Desde el punto de vista de la política interior, es cierto que Alfonso XIII, desde un primer momento, realizó injerencias tanto en el gobierno como en el parlamento, participando más en la política de lo que aconseja cualquier monarquía parlamentaria actual, pero también lo es que ese intervencionismo no se alejaba demasiado de lo que entonces sucedía en el resto de las monarquías europeas, todas también constitucionalistas excepto las de Rusia y Turquía. En todas ellas, desde Alemania a Inglaterra, desde Bélgica a Italia, la corona se había constituido en una especie de cuarto poder, una especie de árbitro entre los otros tres poderes del Estado. Así lo reconoce el autor del libro: “De acuerdo con estas premisas, la Constitución atribuía al monarca múltiples funciones. Algunas de las más importantes se referían al Gobierno y al Parlamento. El poder ejecutivo le correspondía por entero, así que podía nombrar y despedir con total libertad a sus ministros, cuyo refrendo precisaba -como se ha señalado más arriba- para que se ejecutaran sus órdenes. Es decir, la firma del ministro responsable tenía que acompañar siempre a la del rey. En cuanto al legislativo, lo compartía con las Cortes bicamerales -compuesta por el Congreso de Diputados y el Senado, con atribuciones equivalentes-, lo que le daba derecho a vetar la legislación; nombraba a buena parte de los senadores y disolvía ambas cámaras sin más requisito que volverlas a convocar y reunir en el plazo de tres meses. Como se verá más adelante, tanto el baile ministerial como la disolución de las Cortes compondrían las piezas más codiciadas del juego político. Respecto a la justicia, su principal competencia se circunscribía a los indultos.

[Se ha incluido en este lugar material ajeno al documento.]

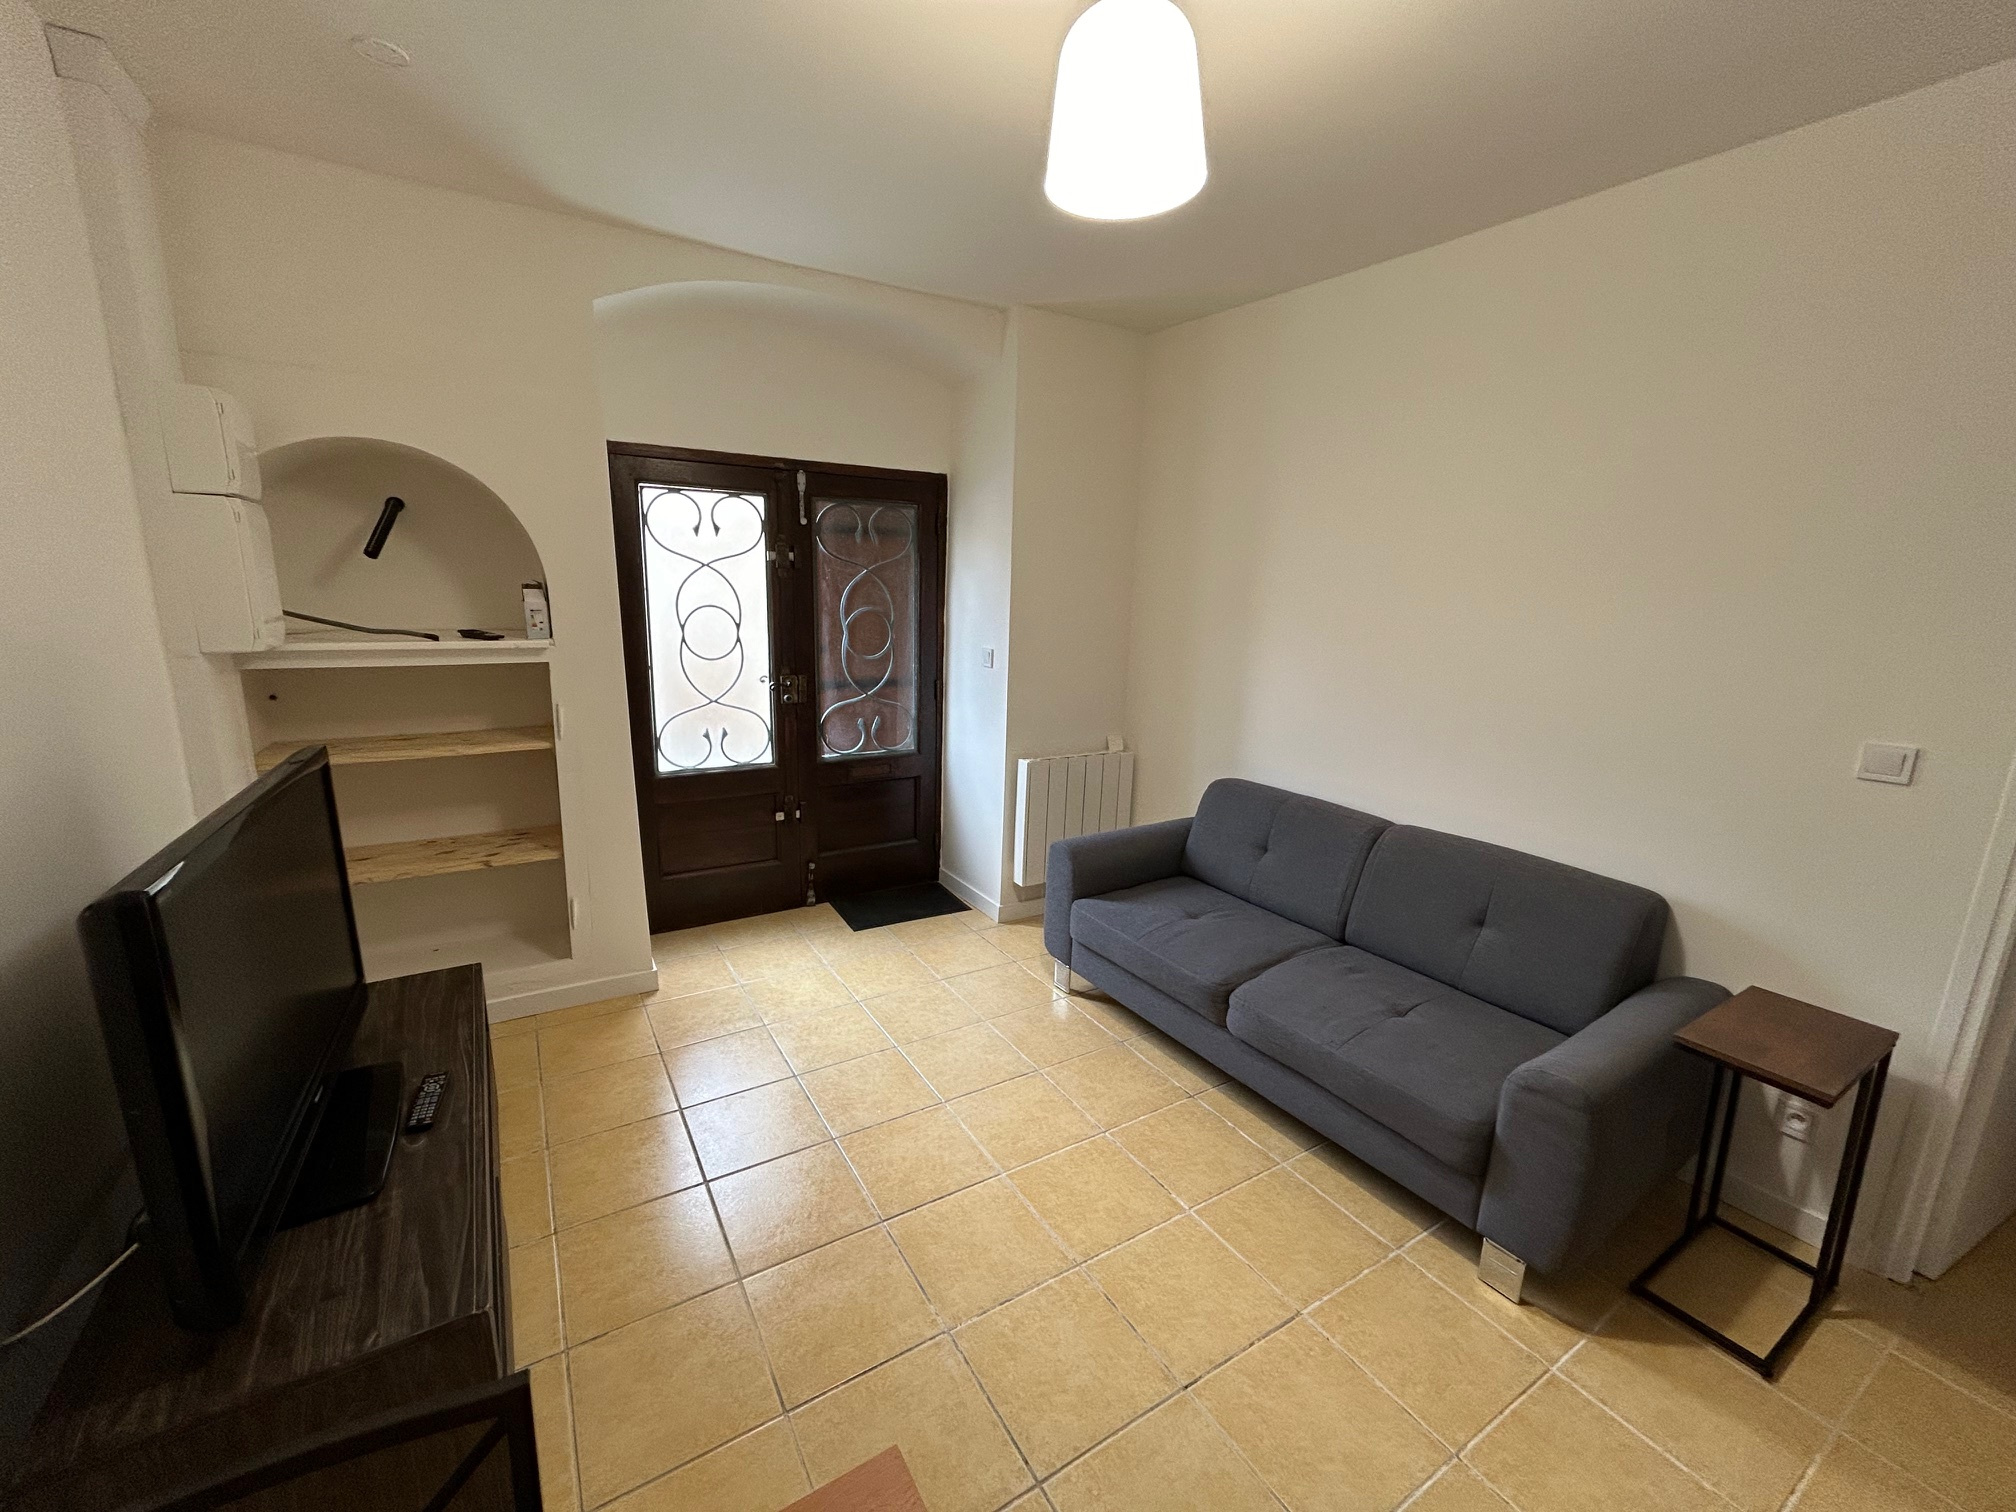 Appartement Appartement Lézignan-Corbières 420€ Grimois Immobilier

Más allá, el rey constitucional ostentaba el mando supremo del ejército y la marina, y concedía los grados militares, otro de los caballos de batalla política en el reinado de Alfonso XIII, y dirigía la política exterior.”

Por otra parte, también es cierto que esas mismas prerrogativas afectaron también a la época de su padre, Alfonso XII, aunque éste nunca se mostró tan proclive a entrar en política como lo haría su sucesor, y como ya se había empezado a ver durante la regencia de María Cristina de Habsburgo. Sin embargo, los tiempos no eran iguales, y en un momento como la Restauración, con gobiernos fuertes que vinieron a poner fin a una etapa en la que se sucedieron los pronunciamientos militares, e incluso las guerras civiles, nunca se hizo necesaria la intervención del monarca. Por otra parte, y recogemos de nuevo las palabras de Moreno Luzón, que valen tanto para Alfonso XII como para su hijo, “la transmutación del monarca en rey-soldado, mando supremo con capacidad para mantener las tentaciones golpistas, contribuía asimismo a apartar a los militares de los vaivenes gubernamentales.”

En definitiva, si el rey intervino en política fue precisamente por la crisis de gobierno en la que, de manera crónica, se había convertido la política española durante el primer tercio del siglo XX; una crisis en la que estaban sumidos los dos partidos de gobierno que habían protagonizado, junto al propio rey Alfonso XII, la etapa de la Restauración, la misma que, con todos sus problemas y sus errores, había provocado durante los dos decenios anteriores, por primera vez en mucho tiempo, un periodo de paz y de estabilidad. Durante el reinado de su hijo, Alfonso XIII, volverían otra vez los gobiernos cortos, que apenas duraban en ocasiones unos pocos meses, incluso algunas semanas. Es cierto que, conforme avanzaba el siglo XX, esa participación real en la política interior se fue haciendo cada vez más acuciante, pero aquello era una consecuencia lógica del deterioro de la clase política. Para 1923, el sistema de la Restauración había decaído enormemente: los sucesivos gobiernos vivían ahora en una continua desestabilización, y en ese sentido, izar en el gobierno, como dictador, a Miguel Primo de Rivera no estaba del todo fuera de la lógica y del contexto histórico de la Europa de entreguerras; como tampoco lo estaba la caída del dictador unos años más tarde, en la que también intervino el monarca, toda vez que el propio dictador tampoco había logrado resolver los problemas en los que el país estaba sumido.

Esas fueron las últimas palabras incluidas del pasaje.